Where communities thrive


  • Join over 1.5M+ people
  • Join over 100K+ communities
  • Free without limits
  • Create your own community
People
Repo info
Activity
    Guillaume Fraux
    @Luthaf
    Hey @dkonstan, thanks for taking the time to come over discuss this! I think implementing this would be pretty easy to do. We already support a distance selection, and sub-selections in is_bonded and friends. The syntax would look like resname HOH and distance(#1, resname Y Z) < 12.5. The changes should be relatively simple so if you want to dig a bit into C++ and implement it yourself I would be happy to help you! Else I'll open an issue on the repo and try to do it soon-ish.

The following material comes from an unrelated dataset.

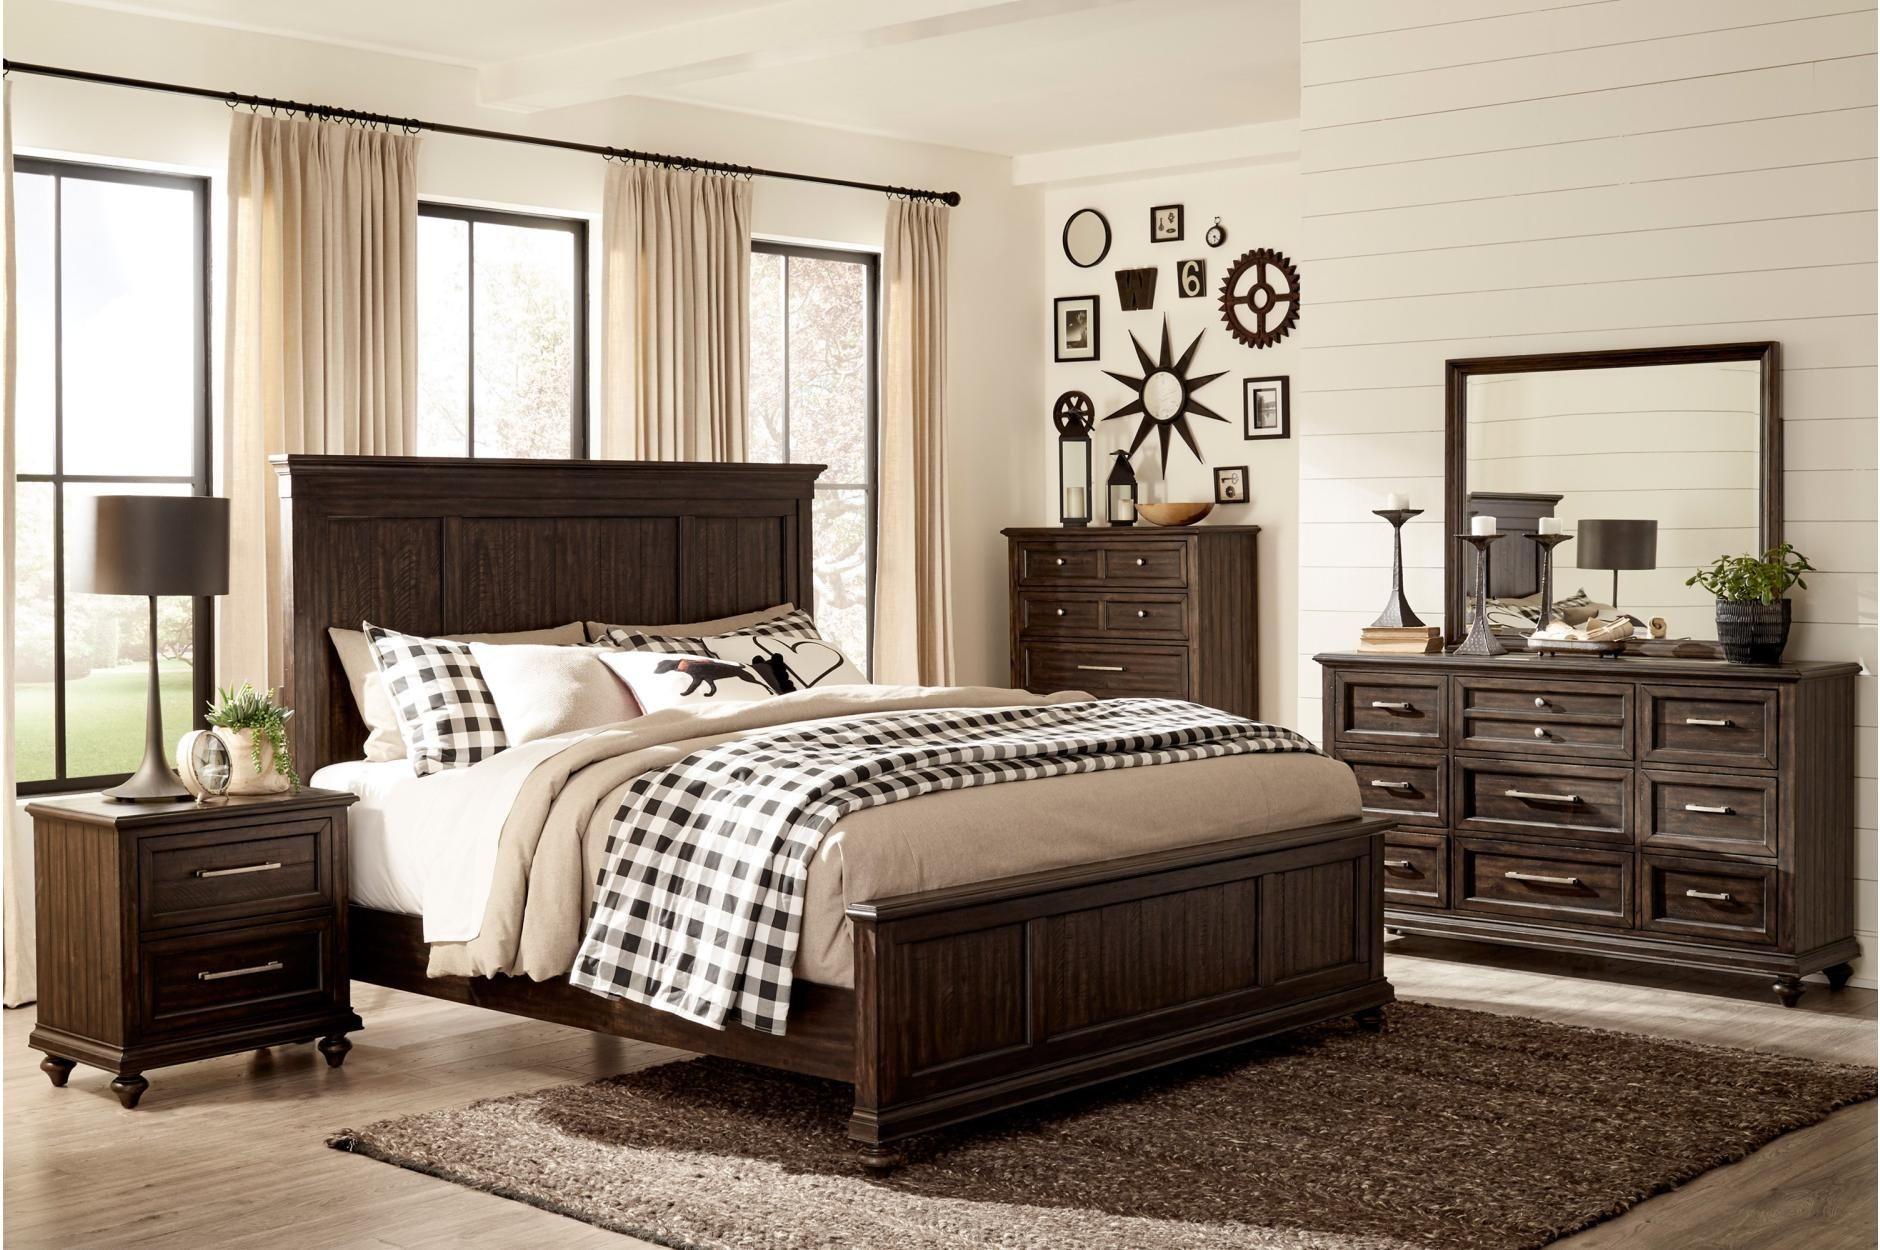 Homelegance Cardano Wood Bedroom Set Wood Bedroom Sets Bedroom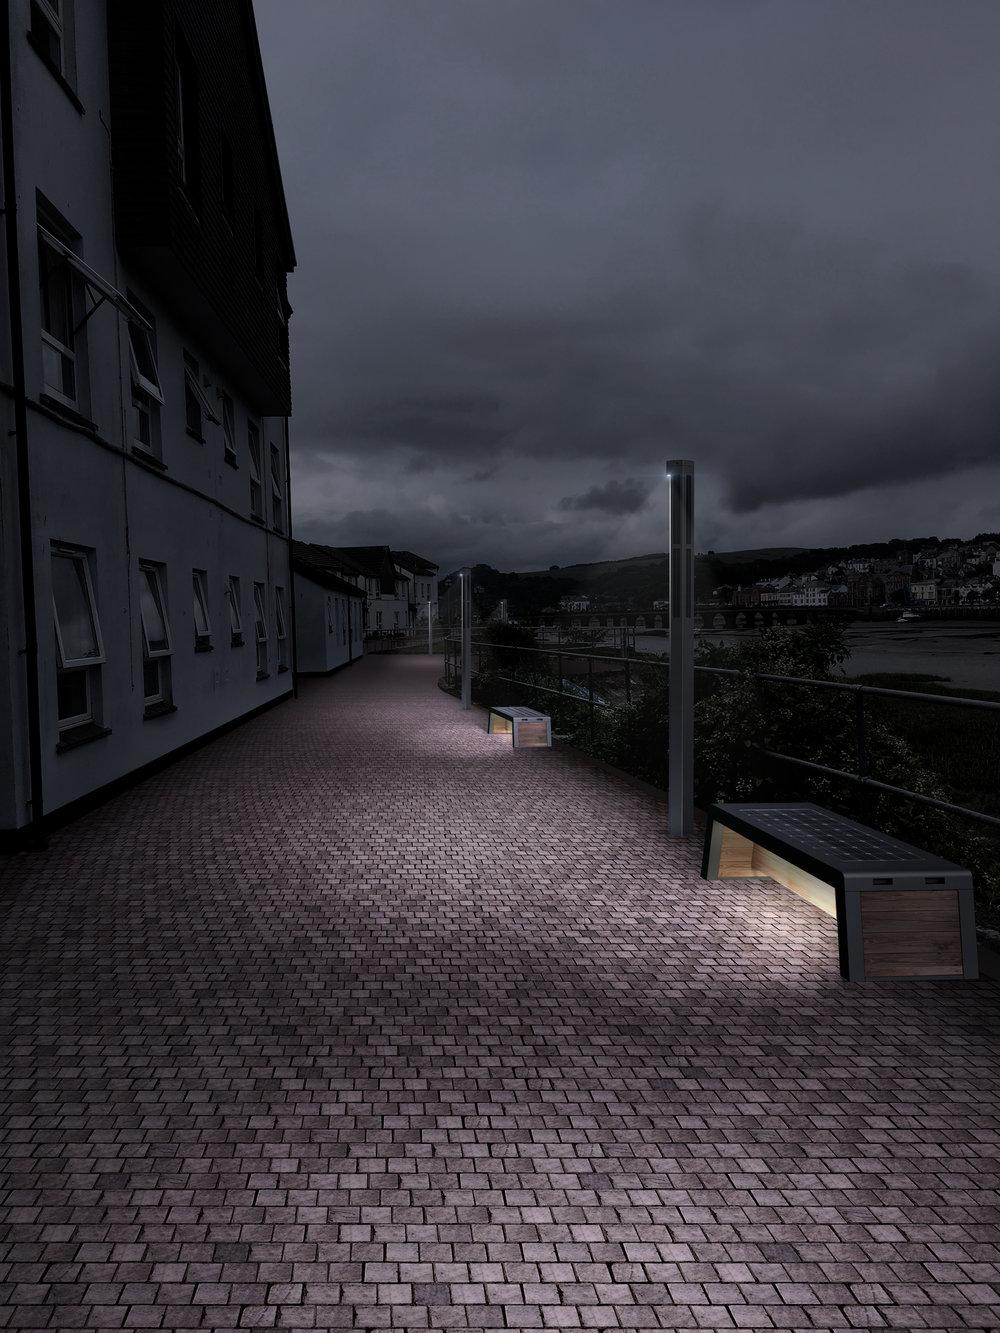 Bideford_SolarStreet_2m_PlusBench_Dusk-1.jpg

    Looking through MDA documentation, they also have multiple selections related to the center of geometry of a sub-selection, which would also be interesting to implement, but a bit harder.
    Guillaume Fraux
    @Luthaf
    I opened chemfiles/chemfiles#327 to track this feature =)
    Mykola Dimura
    @mdimura
    Hi, everyone! How do I properly specify a property in a selection string? I tried "[chainname] A", but it gives an empty selection. Sorry, could not find an exmaple in the docs.
    Guillaume Fraux
    @Luthaf
    Hi! "[chainname] A" should work, but the issue here is that chainname is a residue property, and only atomic properties are checked when evaluating selection. That something I think we should fix, I'll open an issue. And yes, the docs for the selection language are not very good, sorry about that.
    Guillaume Fraux
    @Luthaf
    See chemfiles/chemfiles#331, and thanks for the report!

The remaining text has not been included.